Hello, and welcome back to another week and another episode of Anything But Average. Guys, we are officially here, the month that Eva, our daughter, arrives and I am so freaking excited. Before we jump in, the Anything But Average Coach Mastermind is officially closed for enrollment. If you want to be in the fall class of the Anything But Average Coach Mastermind, make sure to mark your calendar for August 31st.
If you want to be in that room, here’s what I recommend. One, make sure you’re in Anything But Average that opens again in April. Two, start being the woman, or the person, or the human who is in that room right now. Don’t wait until August to step into that place. That’s how you’re going to become the person who’s in that room, is doing it now, not waiting until August.
Start seeing yourself as a coach who’s in that room. That’s how you will get accepted to the mastermind. That’s how you will create massive results over the next six months. So the work to be in that mastermind starts now. Not in two months, not in three months, not in five months when it gets really close.
All right, so here’s what I wanted to talk about today, I wanted to talk about as a coach, saying the hard thing, saying the uncomfortable thing to your clients. Because here’s what I see in my students and my clients, they don’t want to make their clients uncomfortable. They are afraid to make their clients uncomfortable. And this is something I deeply had to work on in my own coaching and in my own life, because I’m a former people pleaser. Someone who very much doesn’t want to rock the boat or make anyone feel uncomfortable.
And when I stepped into being a coach, something I realized was part of our job is to say uncomfortable things to our clients. And here’s the thing, if you’re not willing to say the uncomfortable thing to your clients, then you are not coaching them at the level they need to be coached at in order to produce the results that they want.

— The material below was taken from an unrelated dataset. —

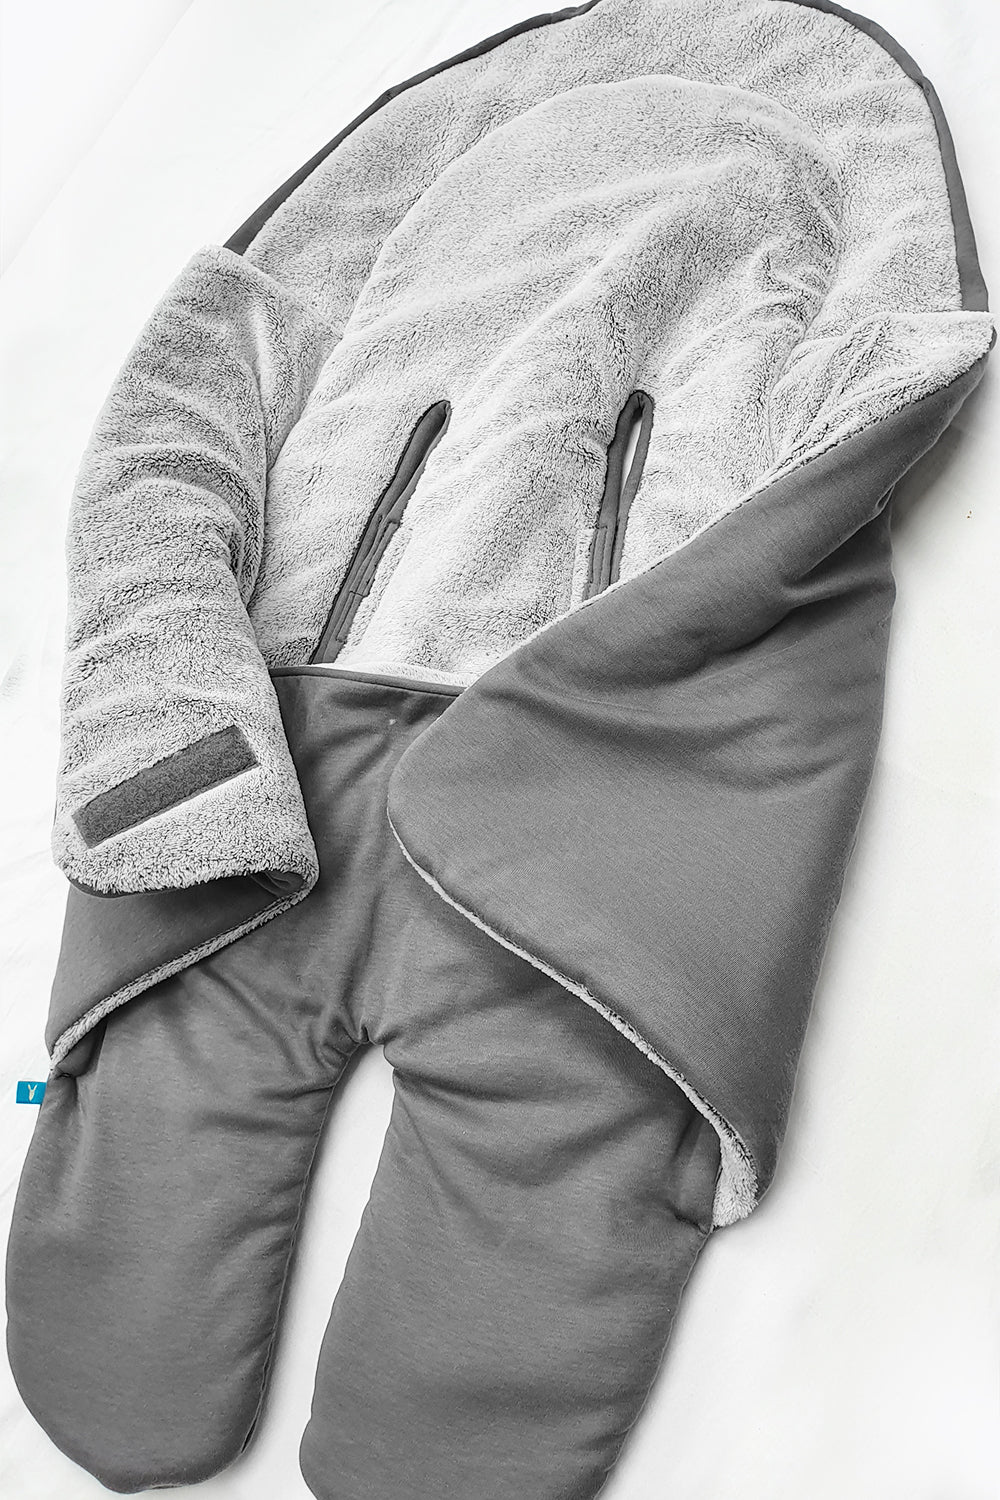 Couverture bébé grande taille pour siège auto et poussette en coton - gris  et gris claire – Wallaboo

I’m going to say that again, if you are not willing to say the uncomfortable thing to your clients, then you are keeping them, you are not helping them create the results that they want. Because they don’t hire you to be a friend. Yes, you can have friendships with your clients, but they don’t hire you to believe their story and let them complain about their life, or their boss, or whatever is happening.
They hire you because they want to create change. They want to create transformation. They want to create results. And the reason they’re not getting it is because they’re not seeing what has to change in order to do it. And they’re not changing it because their brain wants to keep them safe and protect them.
And that’s why they hire us, so that we point out the things that they’re not seeing, the uncomfortable things that their brain is hiding from them. The things that their friends and family won’t say to them, so that they can create massive change and results. That is our job.
So if you are unwilling to say the uncomfortable thing, you are unwilling to do the thing you need to in order to help your clients get results. So today, we’re going to talk about why we do this. What happens when you’re avoiding saying uncomfortable things.
So maybe you’re listening to this and you’re like, “I feel like I say the uncomfortable thing.” Keep listening, there might be some patterns or things showing up in your business that you realize maybe there’s an opportunity here. And then we’re going to talk about how to change it.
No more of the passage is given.